Francia lo ha tenido claro desde la Revolución: la grandeza de una nación depende sobre todo de la calidad de su enseñanza pública. Enseñanza laica, por supuesto, con la religión rigurosamente fuera para quienes la quieran… o la quieran imponer. La consecuencia ha sido un sistema público extraordinario, sin duda el mejor del mundo, al cual han asistido desde entonces, sin distinciones, prácticamente todos los franceses. A mí un país capaz de haber hecho esto me parece digno de admiración. Añado que por aquellos pagos los docentes gozan del respeto universal de la sociedad, se reconoce que su profesión es sumamente exigente (y a menudo extenuante) y se les retribuye como se merecen. En Francia se buscará sin éxito en el lenguaje popular una comparación tan cruel como la española “más pobre que chupa de dómine”.

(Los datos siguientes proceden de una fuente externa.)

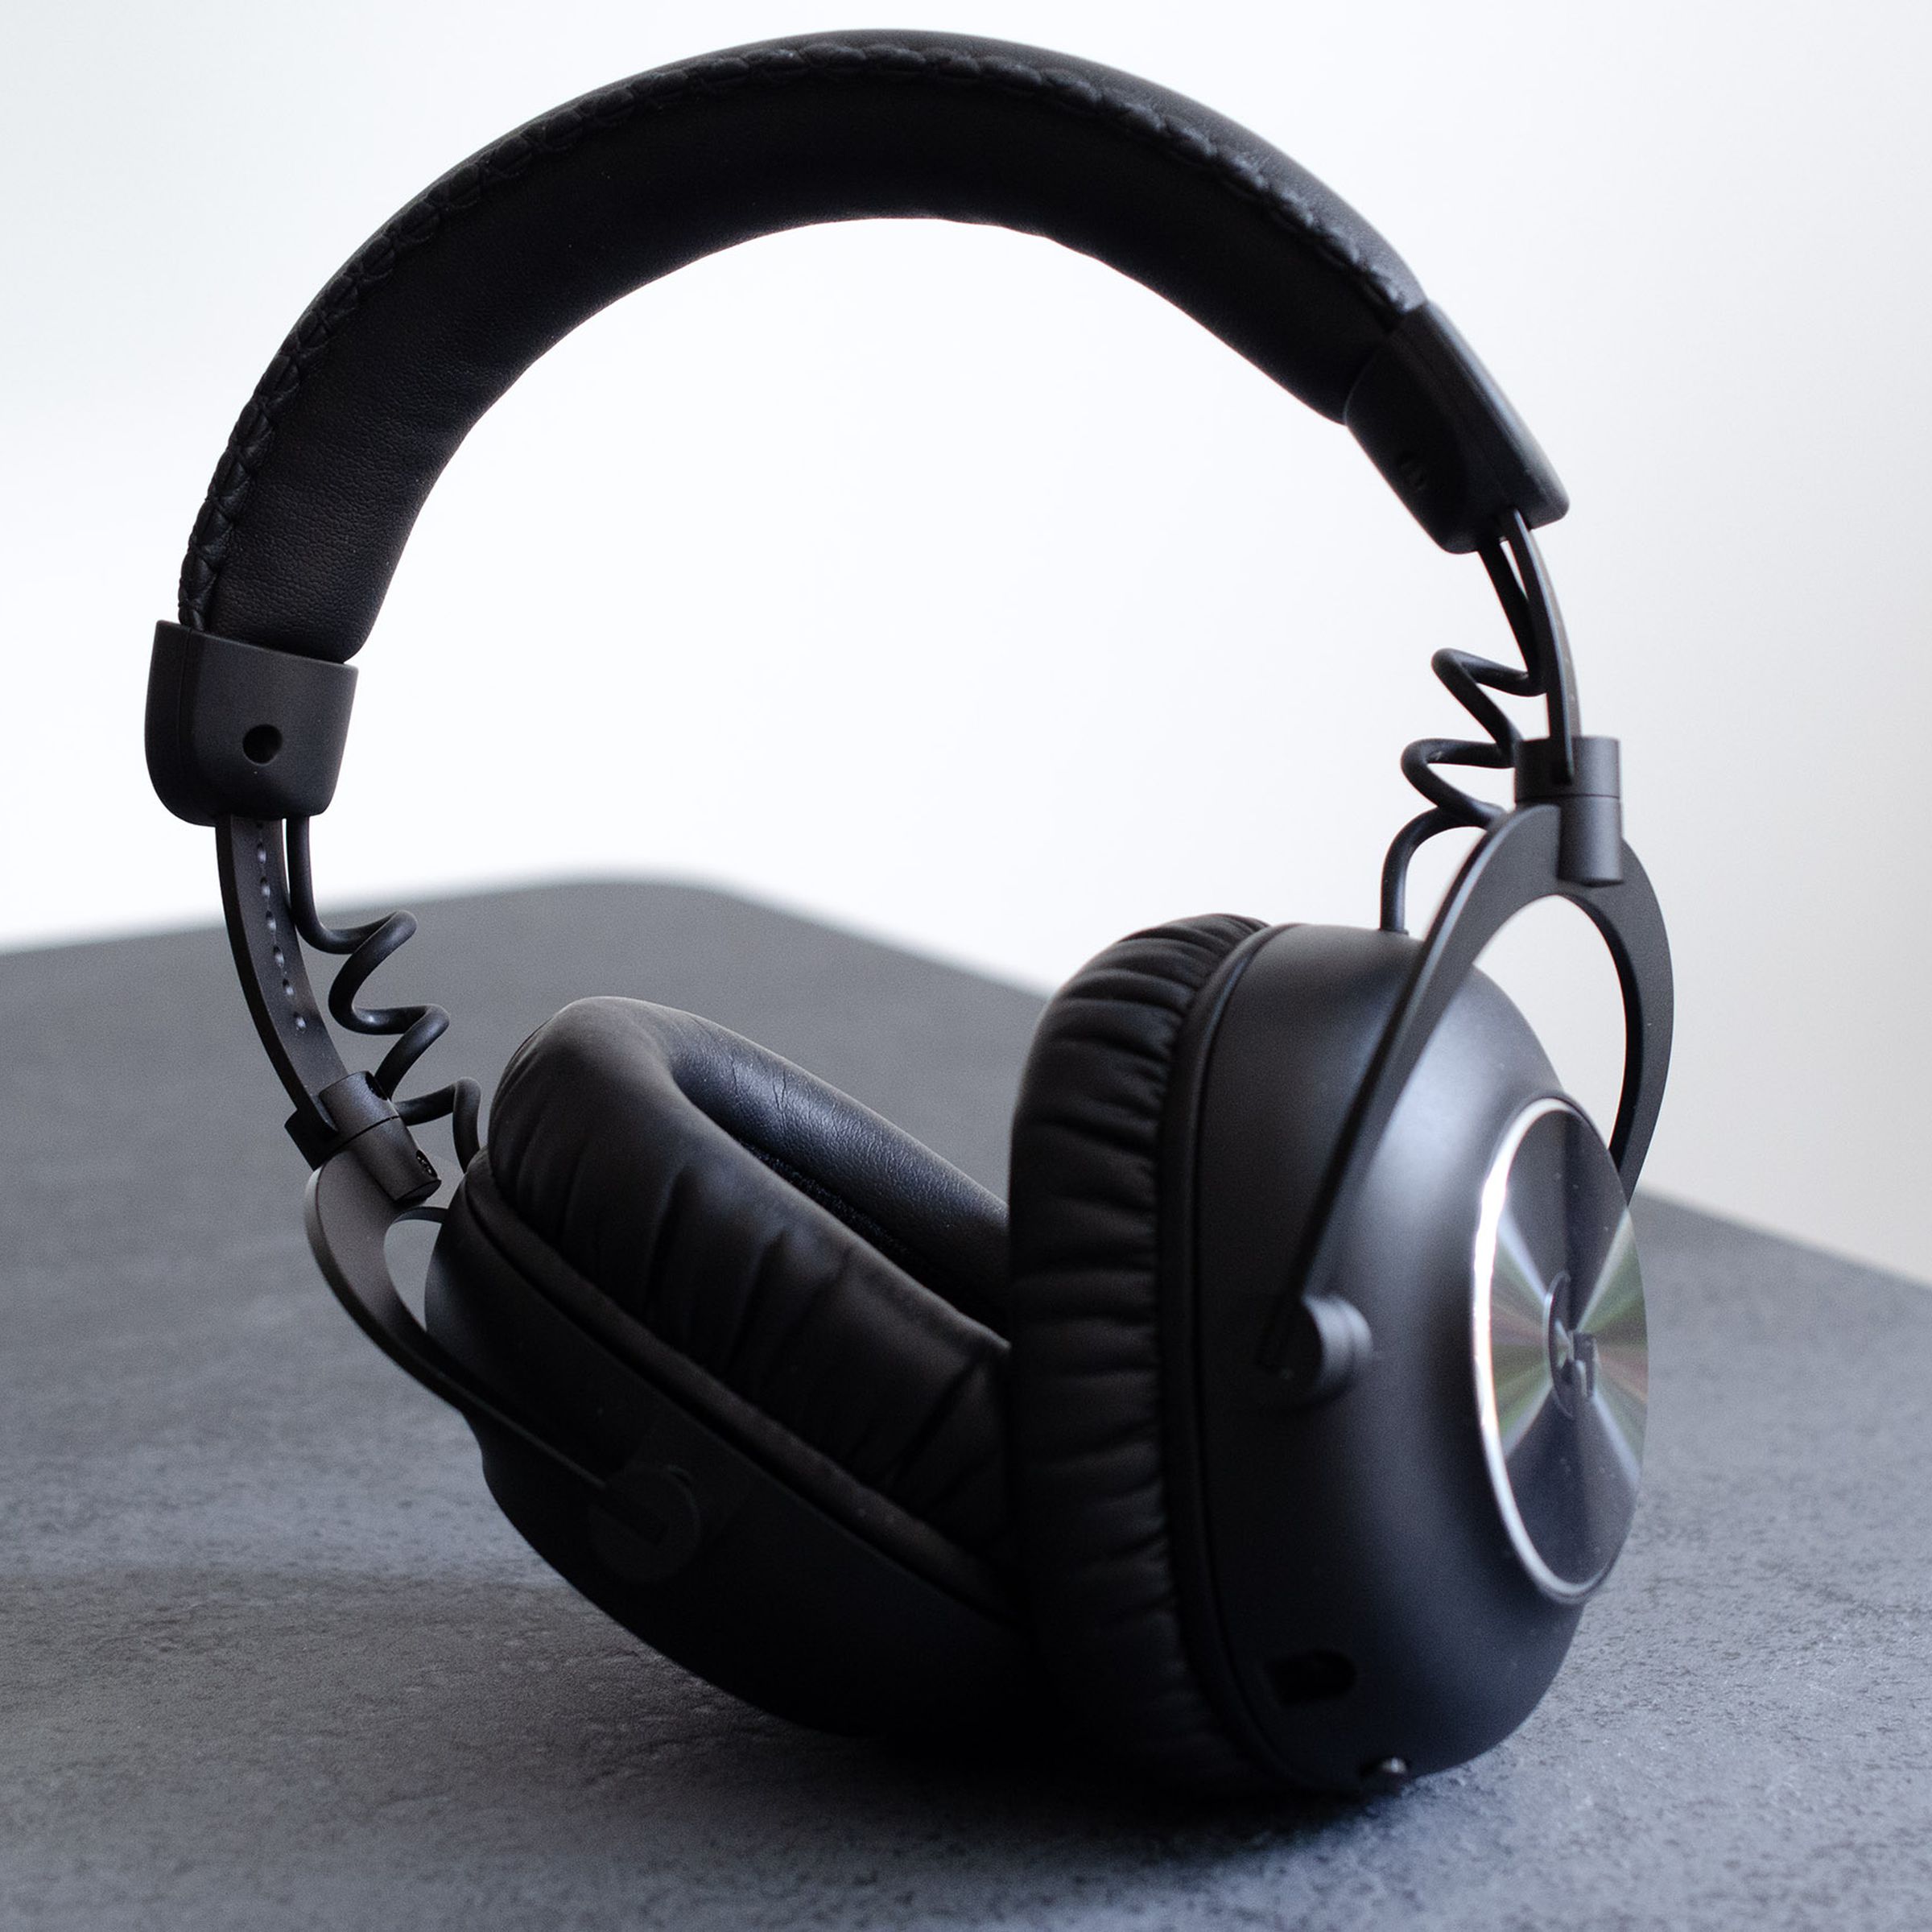 A photo of Logitech’s latest G Pro X 2 headset on a table

Inglaterra es harina de otro costal. Hace mucho tiempo que en la isla de John Bull los adinerados y privilegiados, quitándole fuerza al sistema público, dispusieron las cosas para mantenerse eternamente en el poder con sus propios colegios exclusivos y excluyentes: Eton, Harrow, Winchester, etc., y los cientos de sucedáneos surgidos durante el siglo XIX y después para preparar a suficientes funcionarios para dirigir el Imperio. Un alto nivel de instrucción, sí, pero también el fomento y perpetuación de las divisiones de clase y del esnobismo.
¿Y aquí? En bien de España hace falta urgentemente un pacto definitivo sobre la enseñanza pública. Es de locos no propiciarlo. ¿De locos? No, de derechas.